I made the distinction between what initially inspires me to paint and any subsequent claims about what the work does or achieves. With this in mind, the idea for the title of my series ‘Painting the Numinous’ came from a book called ‘The idea of the Holy’ by Rudolf Otto:

‘The book defines the concept of the holy as that which is numinous. Otto explained the numinous as a “non-rational, non-sensory experience or feeling whose primary and immediate object is outside the self”. He coined this new term based on the Latin numen (deity.)’ http://en.wikipedia.org/wiki/Rudolf_Otto

Beginning with my automatic poem ‘Known in the Unknown’ I launched this series of works which explore the dynamic between freedom (automatism) and control (decision making.)

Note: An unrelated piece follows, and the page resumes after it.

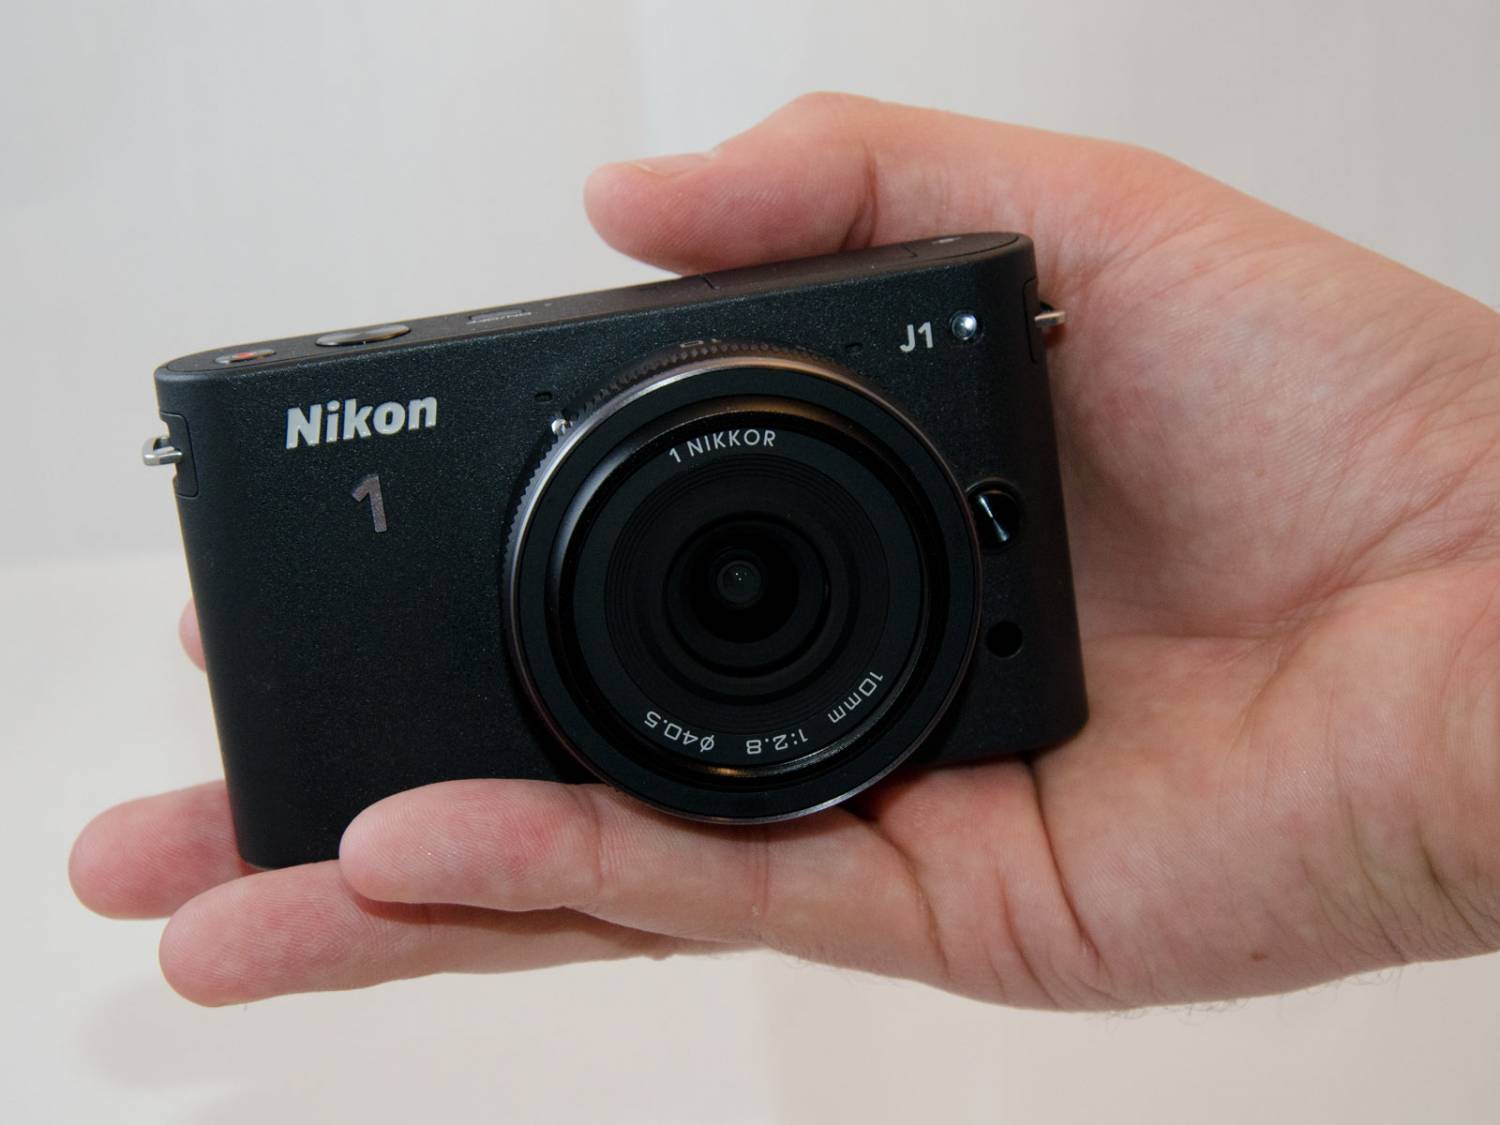 Nikon 1 j1 Kit. Звезды Nikon 1 j1. Компактные 18

Drawing entitled "Known in the Unknown"

Known in the Unknown (2006)

I worked ‘toward an unknown end’ navigating a path between failure/destruction and resurrection/renewal. During the painting process I looked for an inner weight to begin to establish its presence. Although very subjective, I felt this begin to occur when the balance/tension between abstraction and figuration seemed to evoke in me the relationship between the physical and spiritual. In my mind this was mediated in the exploration of the relationship between control and accident in my handling of paint. When I sensed the weight and solidity of this relationship with visual clarity the painting was complete. Ultimately I allowed compositional control/accident to either make or break the work, and enable me to engage with the mystery and precariousness of painting.

I fuelled my imagination through reading and solitude (rather than visual stimuli) wanting to paint the essence of an idea; an internal rather than external vision. John O’Donohue’s book Divine Beauty talks about visiting beauty, and I held on to this concept as I reached out to the unknown, believing that the truth came unexpectedly. Technically this project involved attempting to work on a larger scale using mainly canvas or board and achieve the same intensity of vision I felt was possible when working on a very small scale using paper (as I had done previously.)

From the outset I have been inspired by a painting by Arnulf Rainer called ‘Wine Crucifix’ 1957/78 the installation of which, according to the Tate website, involved light shining through the cloth to reveal the shape of the cross: tate.org.uk It explores the relationship of the physical and spiritual dimensions from a Catholic perspective; the sacramental wine transformed into the blood of Christ (transubstantiation.)

I’m fascinated by the notion of materials as mediators of spiritual truth when processed through human hands as if the separation between the physical and metaphysical is grey and interconnected. It’s interesting that the artist felt compelled to rework the image years later, as if through repetition he sought to re-enter more deeply into the experience. I sense the rhythm of this idea expressed beautifully in a song by Van Morrison called ‘Behind the Ritual’

Spin and turning in the alley, spin and turning in the alley
Like a Whirling Dervish in the alley, drinking that wine
Drinking wine, making time in the days gone by


Painting entitled "Impermanence"

Impermanence (2007)

I like the inclusion of the whirling dervish which perhaps alludes to the mystic tradition behind the surface of the song. With the repetition of the words and images the real is concealed behind the banal, so that the implicit message of the song is expressed by explicit ordinariness. We find that the spiritual is discovered behind the ritual of everyday encounter.